[UA-discuss] Regular Expression

Thu Sep 14 17:27:01 UTC 2017

The BiDi issue suggests to me that even enforcing the non-dotless rule is too much for a simple regex, as shabaka.example at don is a valid Arabic EAI , while the same ASCII combination is not valid even if a .don TLD gets delegated.
[non-empty]@[non-empty] looks better to me. 

Rubens

> Em 14 de set de 2017, à(s) 13:58:000, Don Hollander <don.hollander at icann.org> escreveu:
> 
> Thanks Jim.
> 
> The BiDi issue, with raw data input, is which side has the domain side.
> 
> usually you’ll encounter mailbox at domainname.tld
> 
> But in Arabic or Hebrew you’ll encounter tld.domainname at mailbox
> 
> Don
> 
> 
>> On 15/09/2017, at 3:44 AM, Jim Hague <jim at sinodun.com> wrote:
>> 
>> On 12/09/2017 19:44, Don Hollander wrote:
>>> One RegEx has stood out as being simple and correct.   I’d like the UASG
>>> to consider recommending this in our documentation.   Toward that end,
>>> this thread is for discussion.
>>> 
>>> /^.+@(?:[^.]+\.)+(?:[^.]{2,})$
>>> 
>>> Regular expression check in Javascript. This accepts any Unicode
>>> characters, only insisting that the domain must have more than one label
>>> and the TLD is 2 characters or longer. 
>> 
>> Note that this in the context of an in-browser check.
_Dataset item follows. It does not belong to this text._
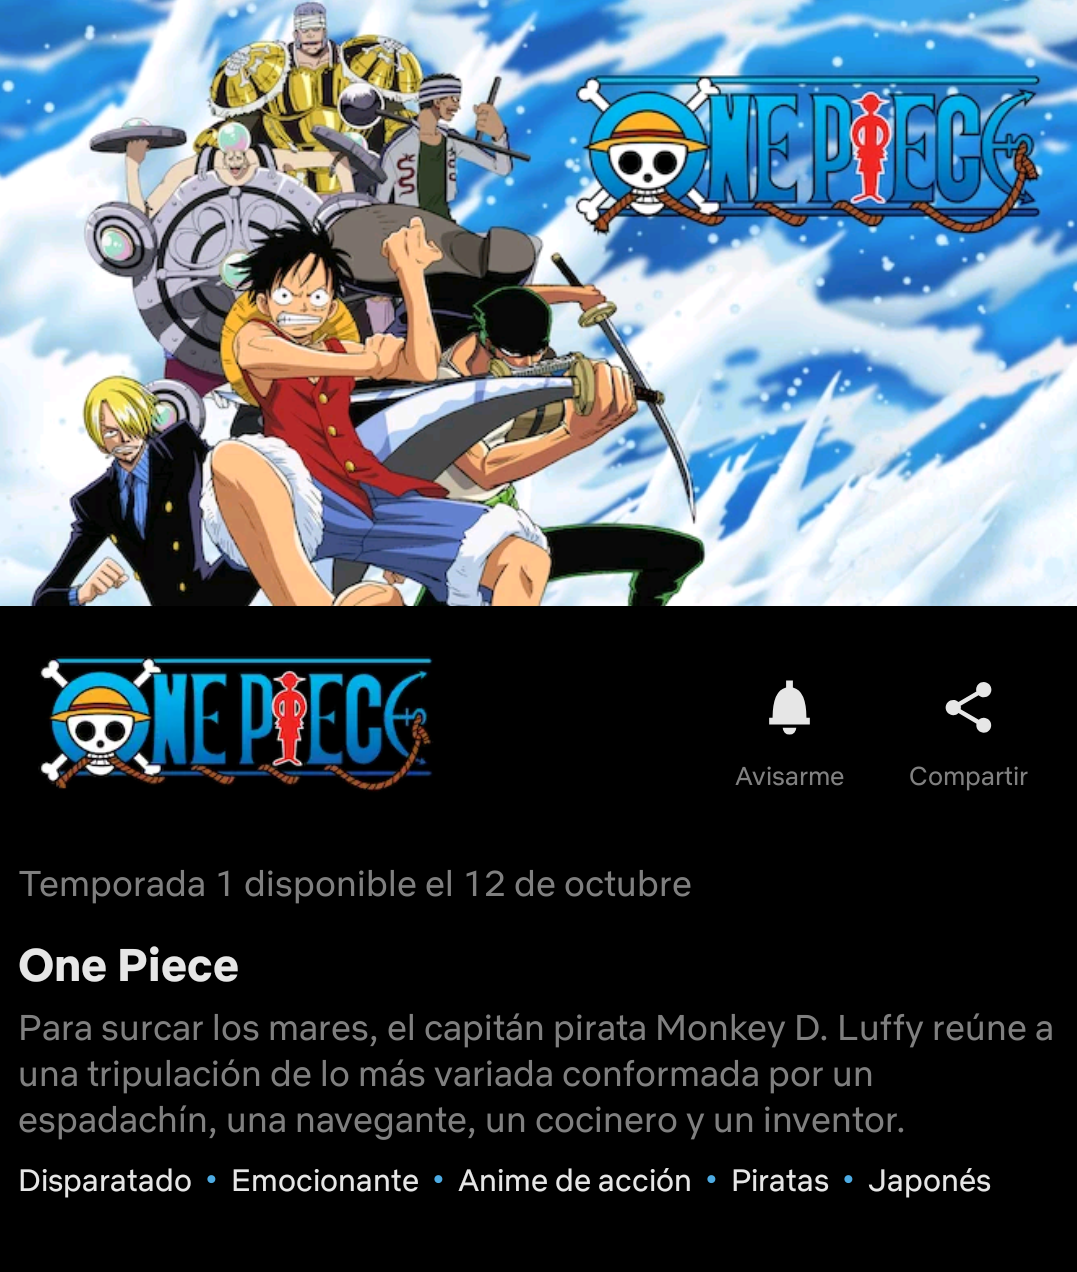 One Piece llegará a Netflix en octubre - ANMTV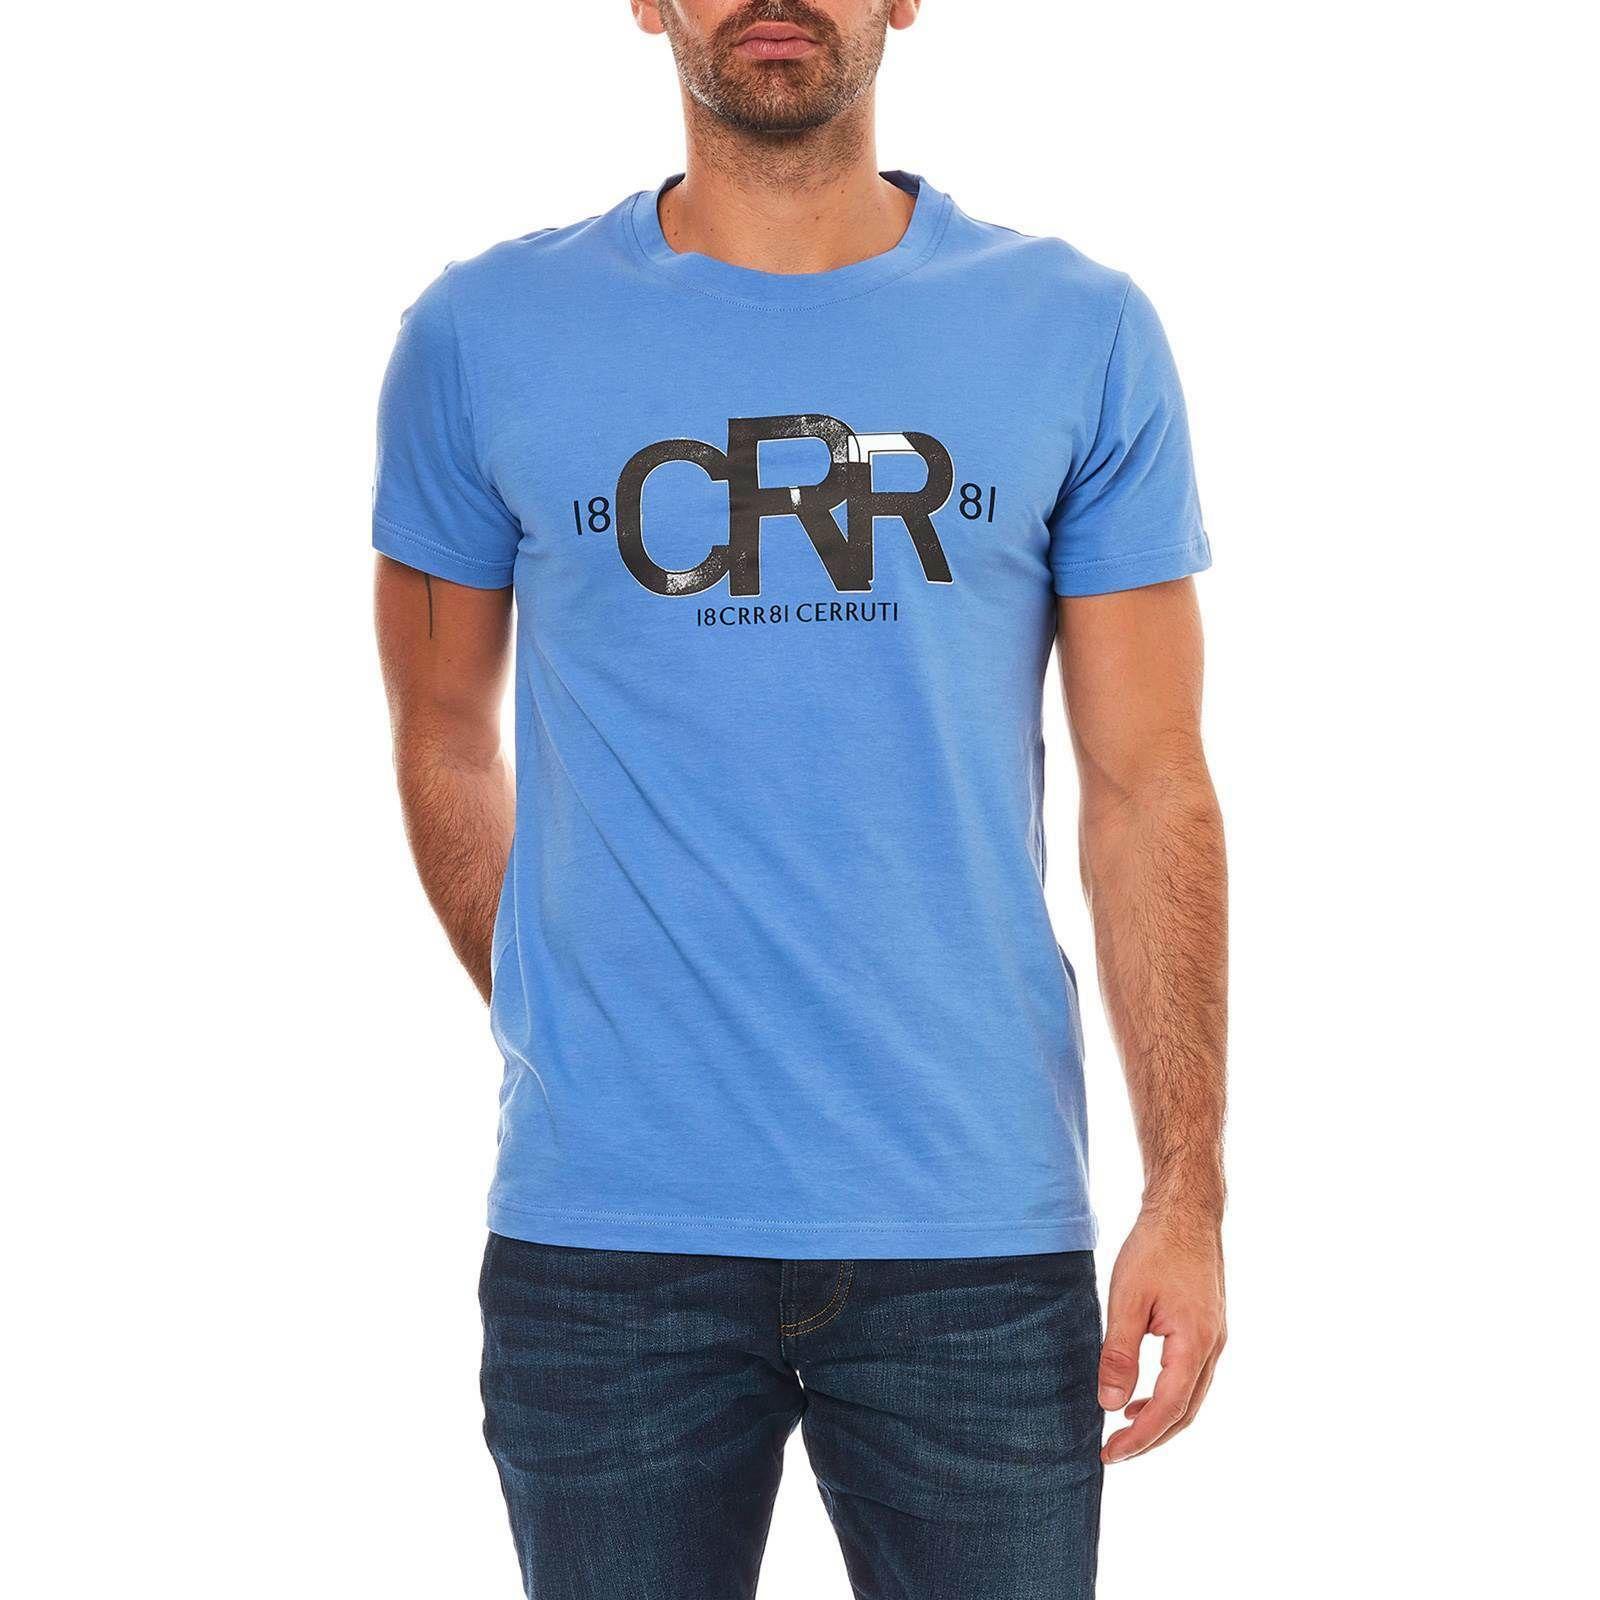 6b841c31539 Cerruti 1881 Camiseta De Manga Corta Azul Funny Unisex Shirts And Tshirts  Tee Shirts Sale From Fastshipdirect, $12.96| DHgate.Com

I only examined a
>> small random subset of the sites surveyed in the main evaluation, and
>> obviously without access to server code could only examine client-side
>> operations. In all the sites I examined, the only check performed was
>> against one (or in one case two) regular expression(s). No decomposition
>> of the email address was attempted, and certainly no translation of the
>> domain to Punycode.
>> 
>> It was in that context that I highlighted the above regex, on the basis
>> that it's probably the only sensible option to suggest to organisations
>> as a low-impact UA improvement (I won't say fix) at the moment. If a
>> future evaluation exercise verifies that an existing Javascript module
>> does the right thing, that would be a better alternative, but that would
>> involve more substantial modifications to site code.
>> 
>> I agree that modifying it to allow 1 character TLDs would be sensible.
>> 
>> I also agree with the page referenced at the start of the thread (which
>> I read before working on the report) that just checking for '@' is about
>> all one should attempt, certainly client-side.
>> 
>> Turning again to the above regex, of course, being a proposed regex for
>> validating email addresses, it's got an obvious deficiency. It needs to
>> add support for other label separators (e.g. open dot).
>> 
>> Mark Svancarek raised the excellent point of bidi in the domain.
>> Personally I'm not confident I understand the bidi rules. But if the
>> regex requires at least one label separator character in the domain and
>> non-empty labels, will that work, given that if the regex allows 1
>> character TLDs then a valid TLD is simply a non-empty label?
>> -- 
>> Jim Hague - jim at sinodun.com          Never trust a computer you can't lift.
> 
> Don Hollander
> Universal Acceptance Steering Group
> Skype: don_hollander
> 
> 
>